I had just finished giving a presentation on asset protection strategies and recent developments in insolvency law at a national convention. I was packing up my presentation notes and answering a few questions for attendees, when a well respected asset planner approached me with a pen in one hand and a notepad in the other. He had taken down copious notes about various asset protection techniques that I had discussed.
He had been particularly curious about the possibility of using a family corporation or a trust as an estate planning tool. He explained that he was very interested in the subject because he had a wealthy client who had just been sued and he was concerned that the law suit could “wipe his client out.”
He clearly had missed the start of my presentation: I smiled and asked “When did you come into this presentation?” We both knew that was not his fault – I was one of several speakers offering presentations that morning and the organizers and I had underestimated how popular my topic would be.

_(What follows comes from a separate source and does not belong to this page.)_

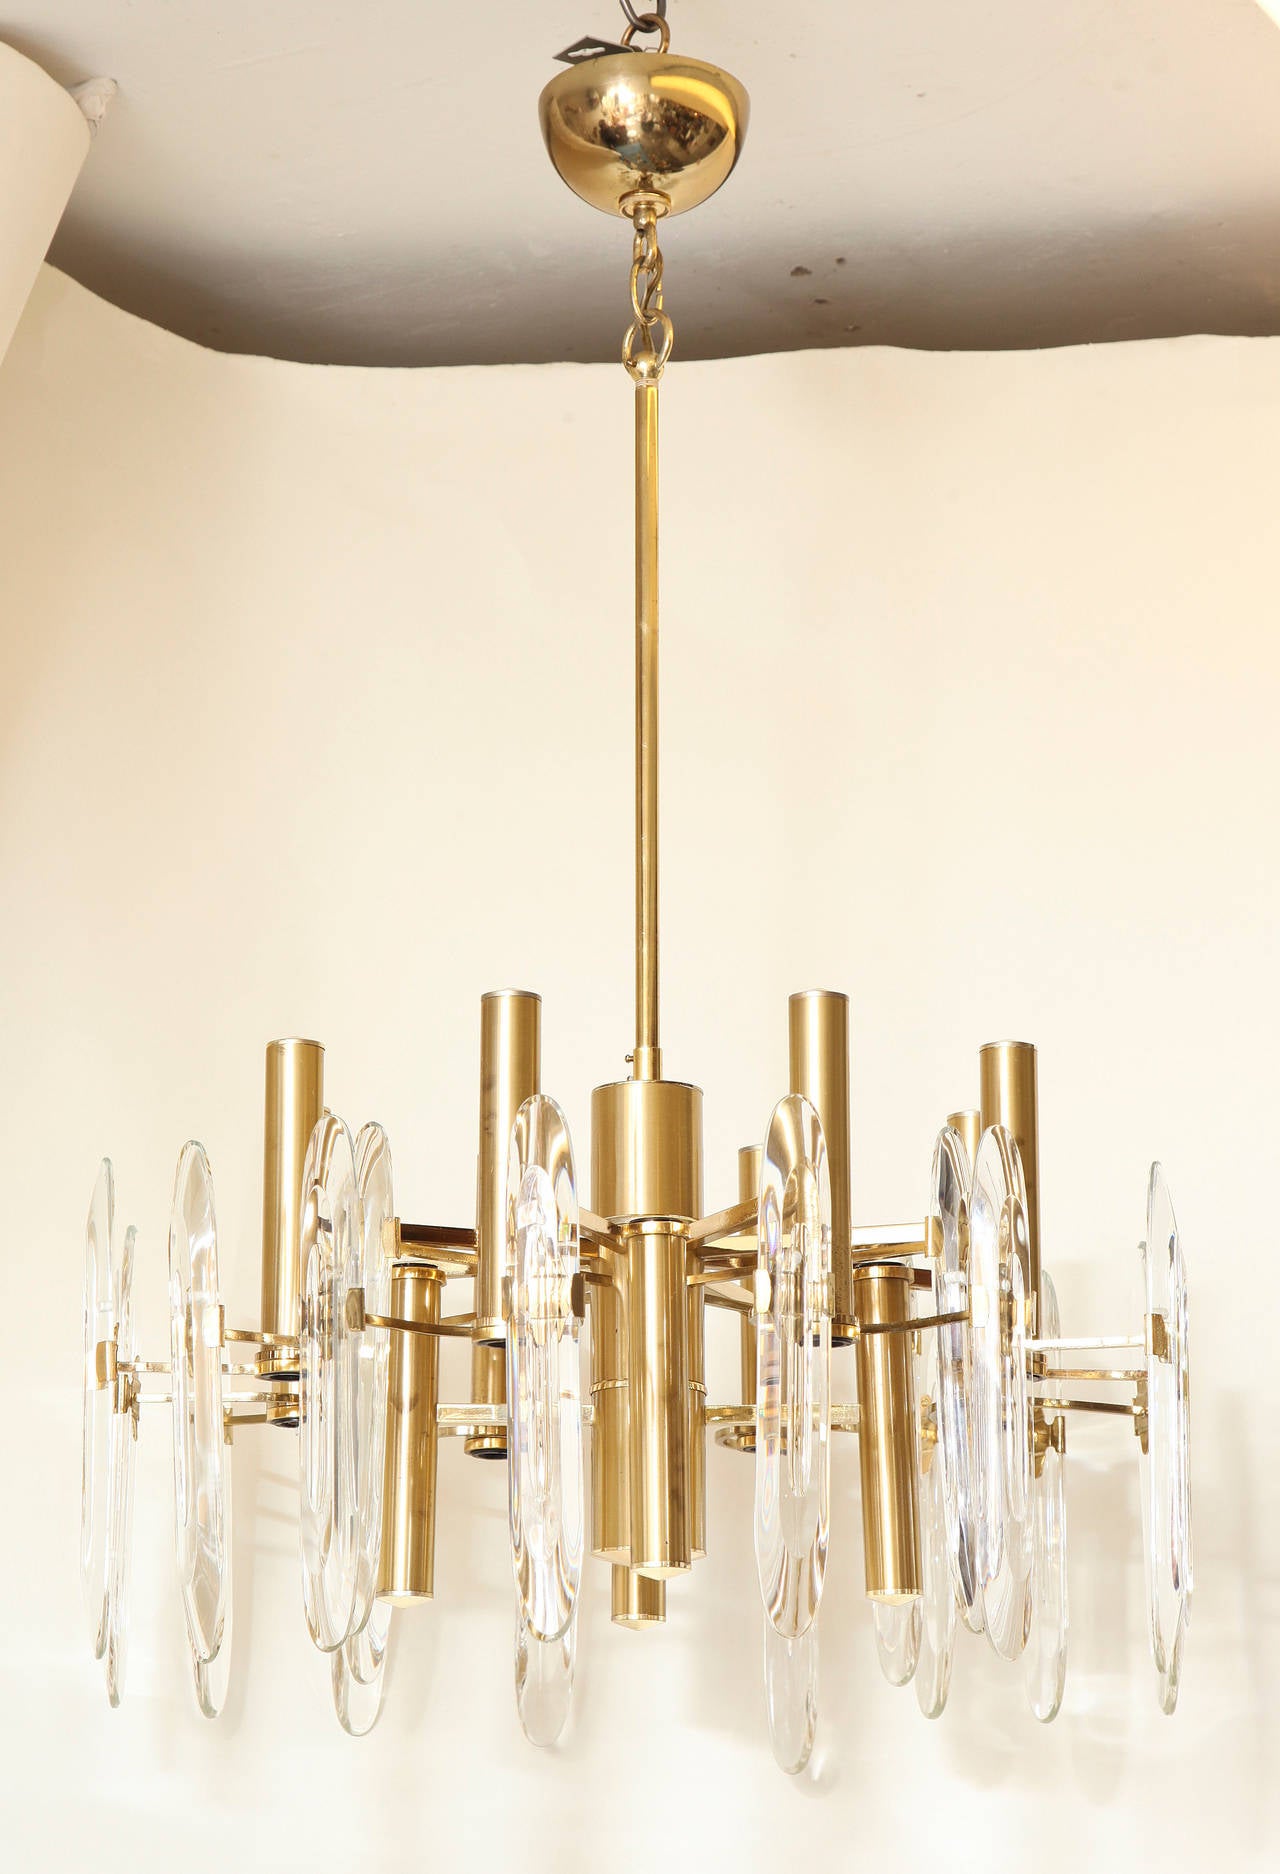 An American contemporary design 12-light chandelier with brushed finished matte brass frame having lights within acrylic spear shaped elements with rounded ends interspersed among brass cylindrical elements issuing light from above and below.

I then shared with him the slide that he missed. The one that reads:
“BY THE TIME YOU KNOW OF A GOOD REASON FOR
IT IS TOO LATE”
I then explained the problem to him: If a person transfers assets as part of valid estate planning or business planning, while they are solvent and without knowledge of a claim, that transfer can be protected (subject to certain limitations). But the same transfer of the same assets for the same consideration when a person is insolvent or knows about a claim against them will be avoidable as a fraudulent transfer.
Further, an attorney who assists in a fraudulent transfer may subject themself to liability for assisting in the transaction.
Which is why I always recommend asset protection planning BEFORE clients think it will help them.